Data block:
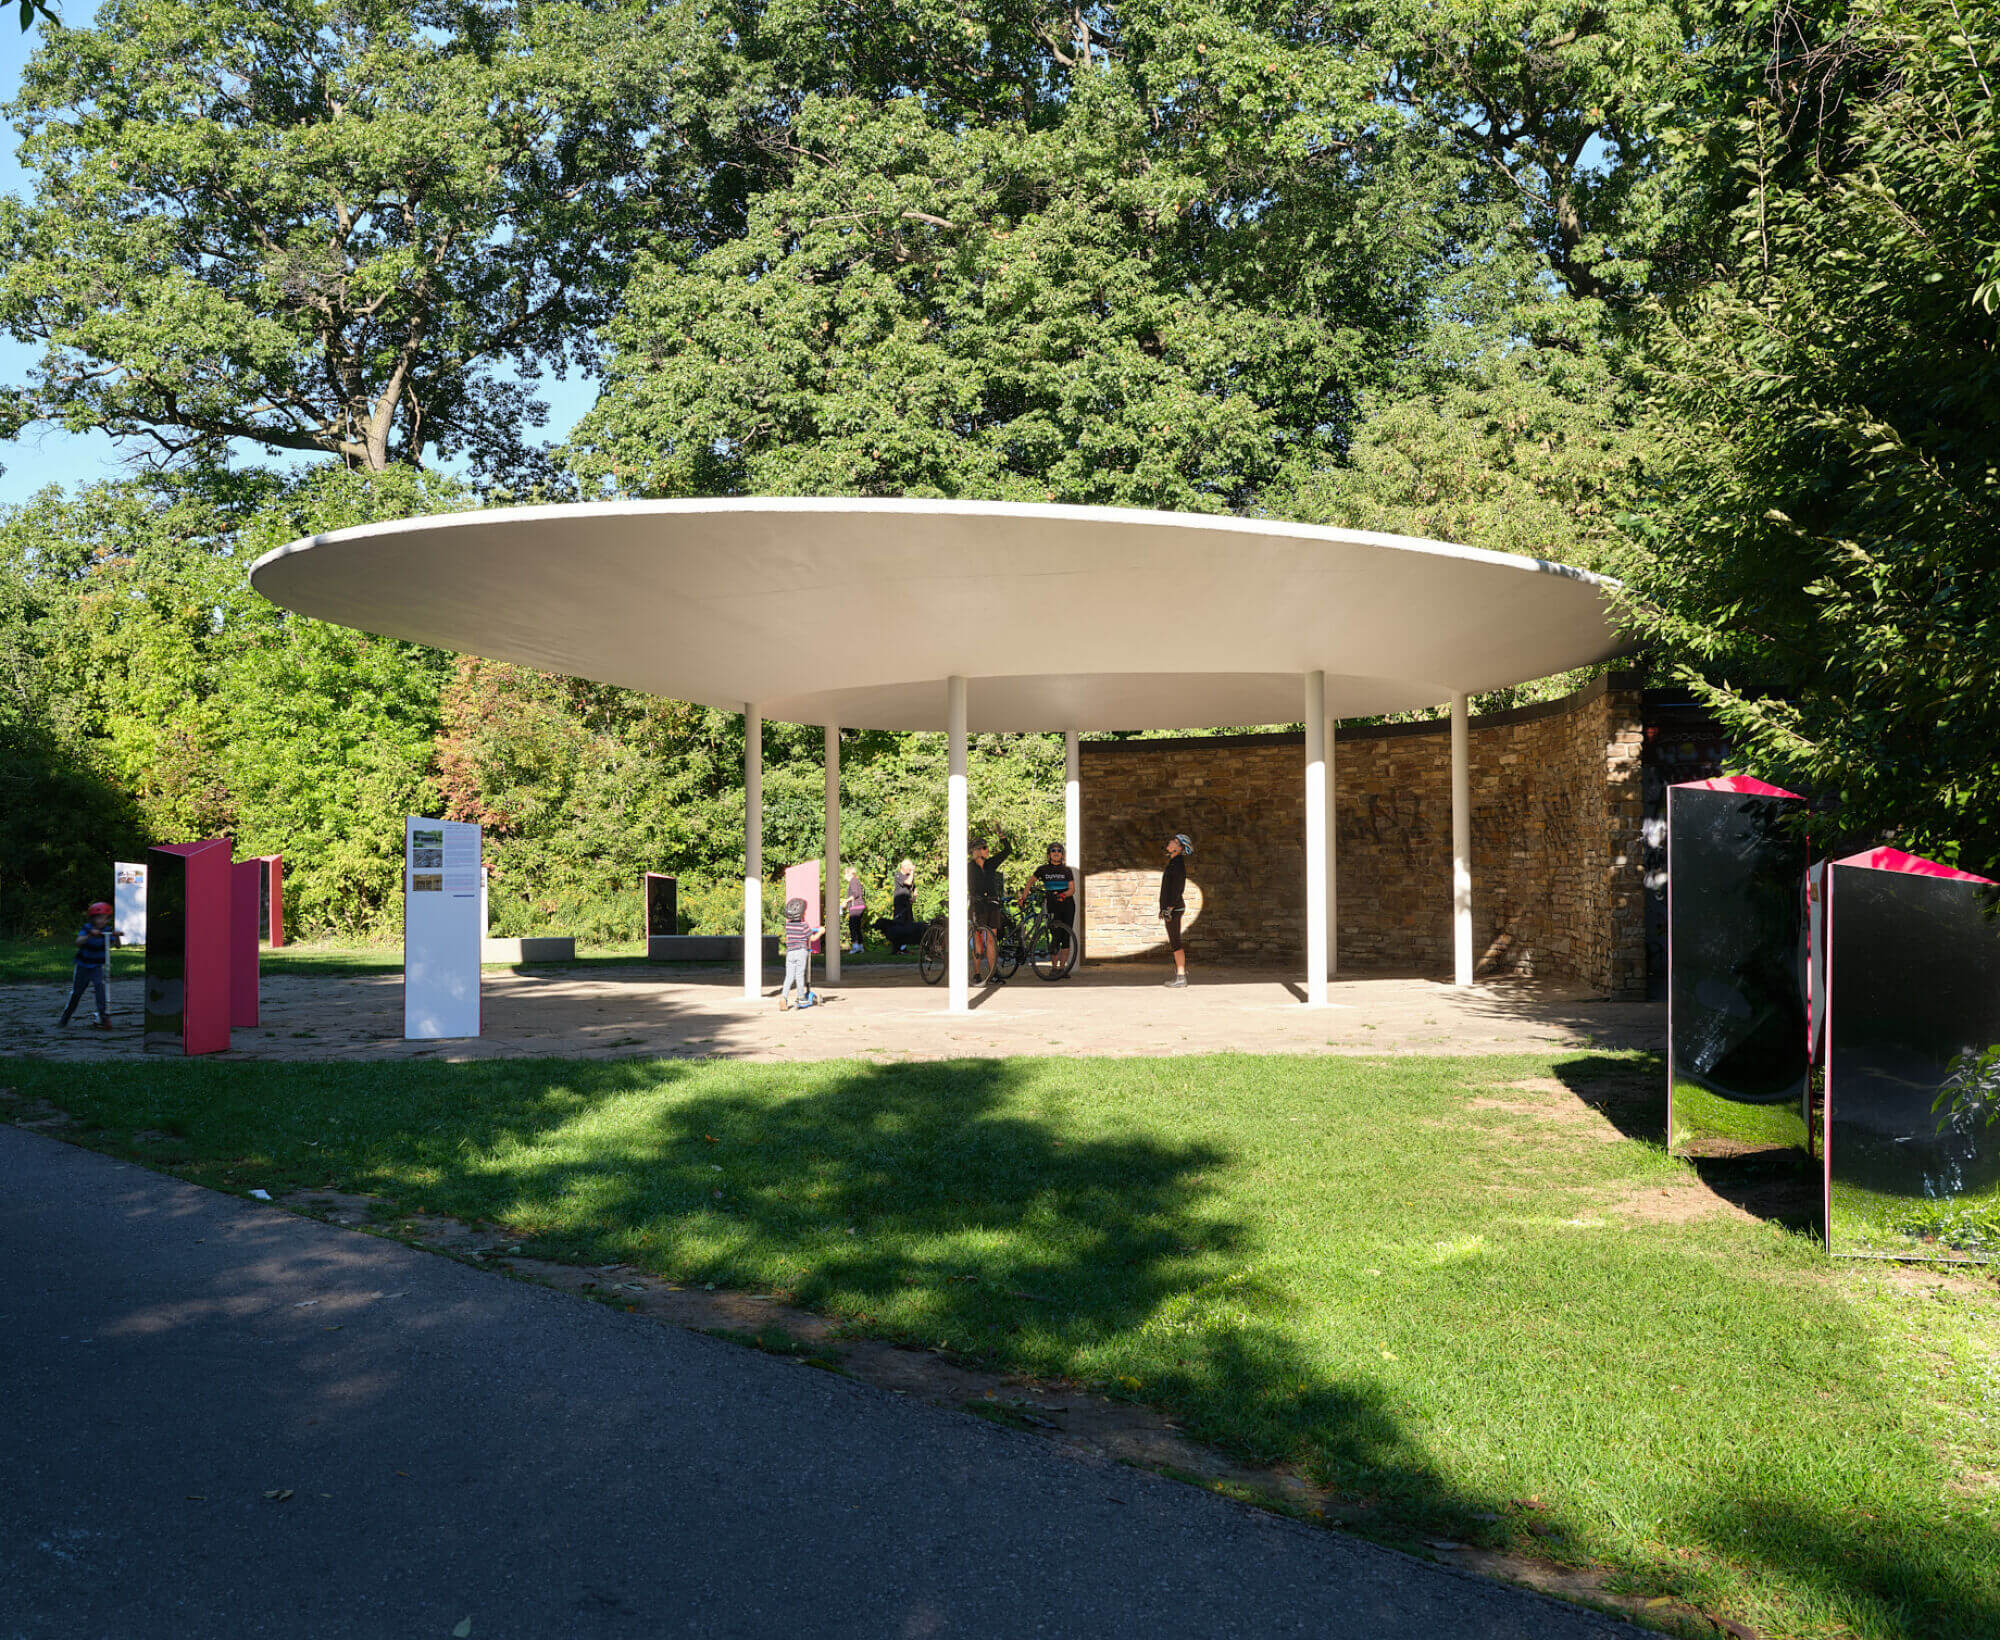 A large circular structure in a park. The structure is held up by polls. Behind the structure is a curved brick wall. A variety of heritage plaques and reflective posts cover the space around the structure.
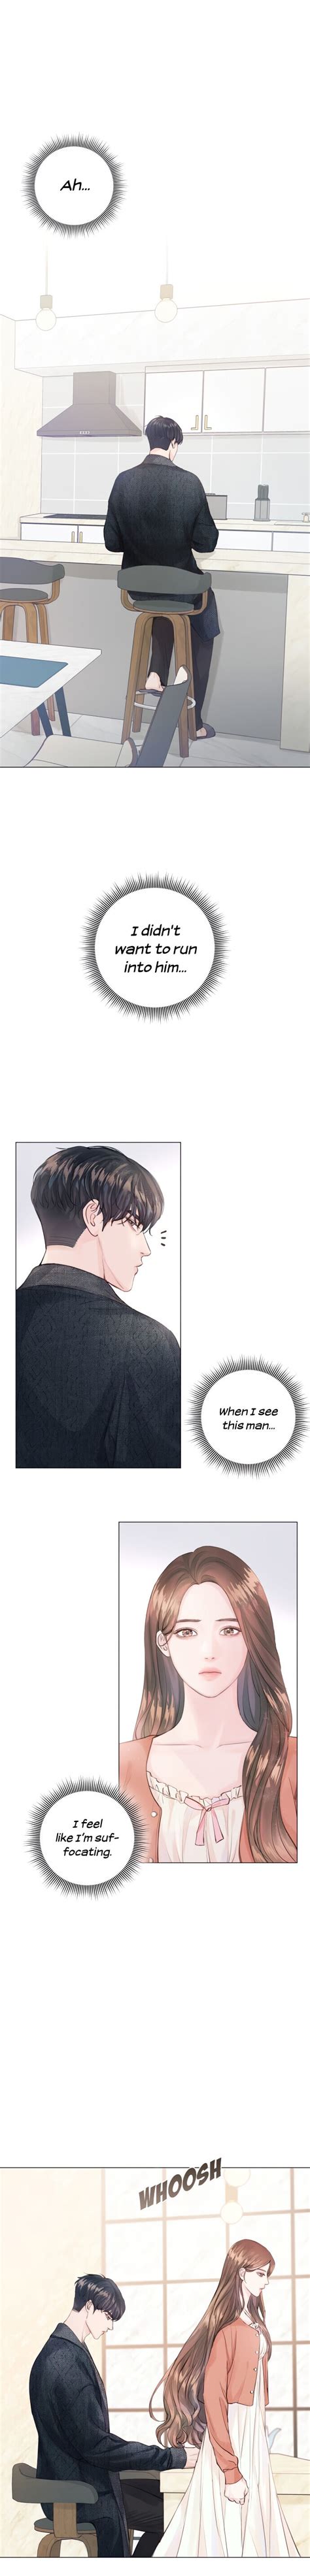 There must be happy endings ; Surely a Happy Ending - Chapter 1 - 1ST KISS MANHUA
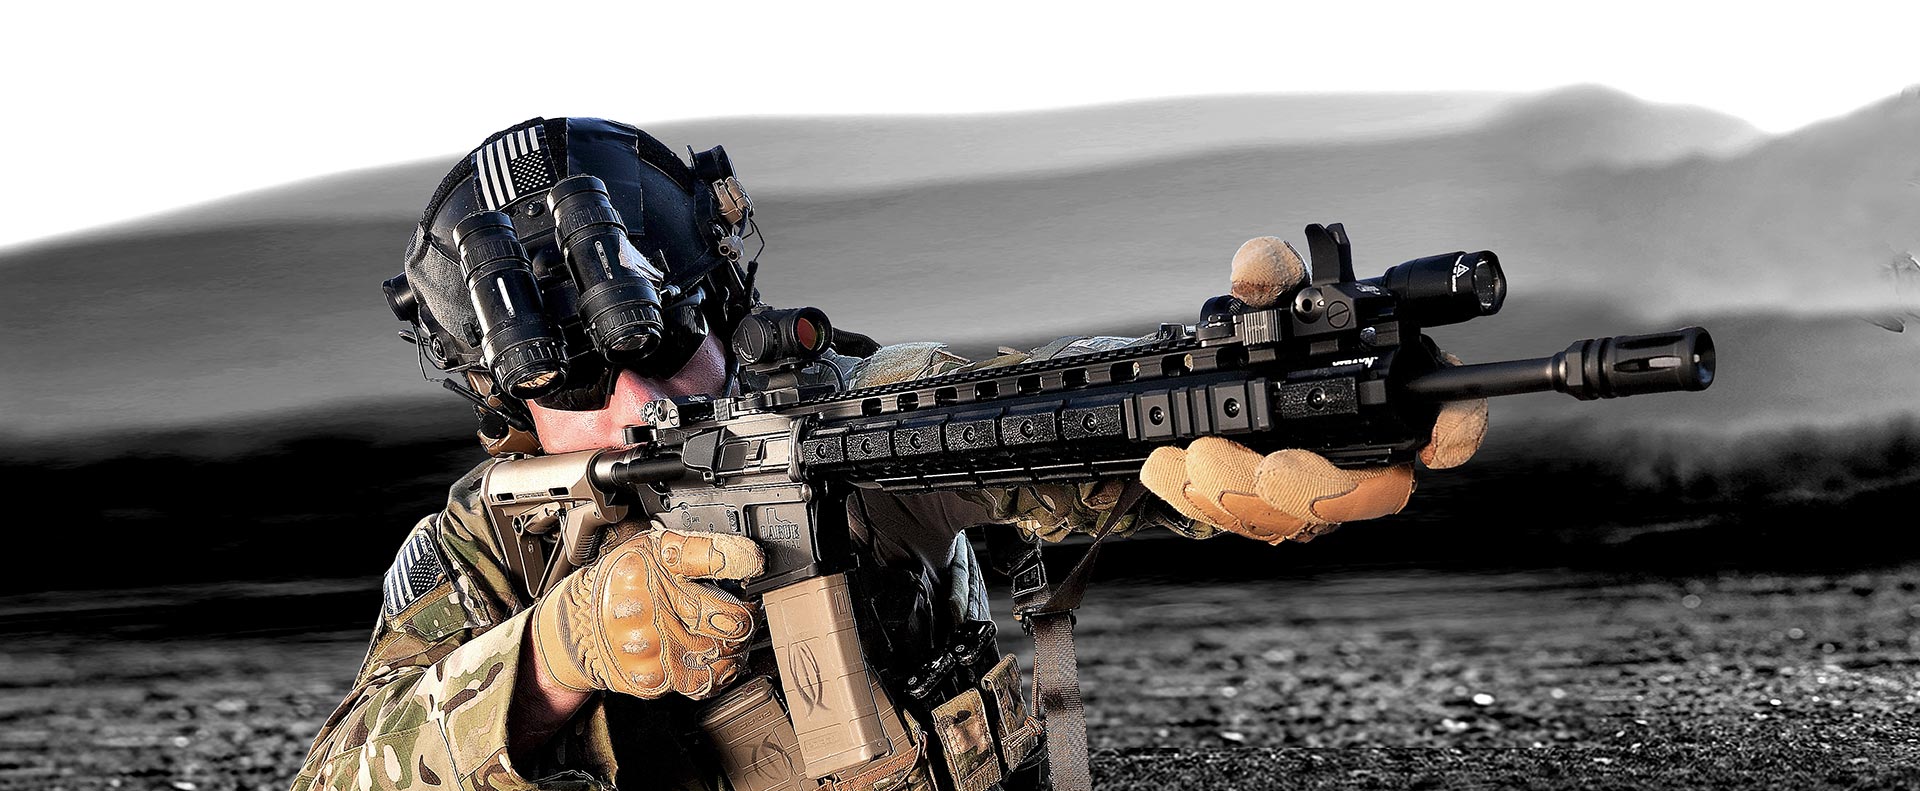 TYR Groundbreaking PV® Nylon Redefines The Performance Of Tactical Gear.

Work instructions: Once the pictures are set aside, give the rest of the material again unchanged.

Written reply:
 A large circular structure in a park. The structure is held up by polls. Behind the structure is a curved brick wall. A variety of heritage plaques and reflective posts cover the space around the structure.
 There must be happy endings ; Surely a Happy Ending - Chapter 1 - 1ST KISS MANHUA
 TYR Groundbreaking PV® Nylon Redefines The Performance Of Tactical Gear.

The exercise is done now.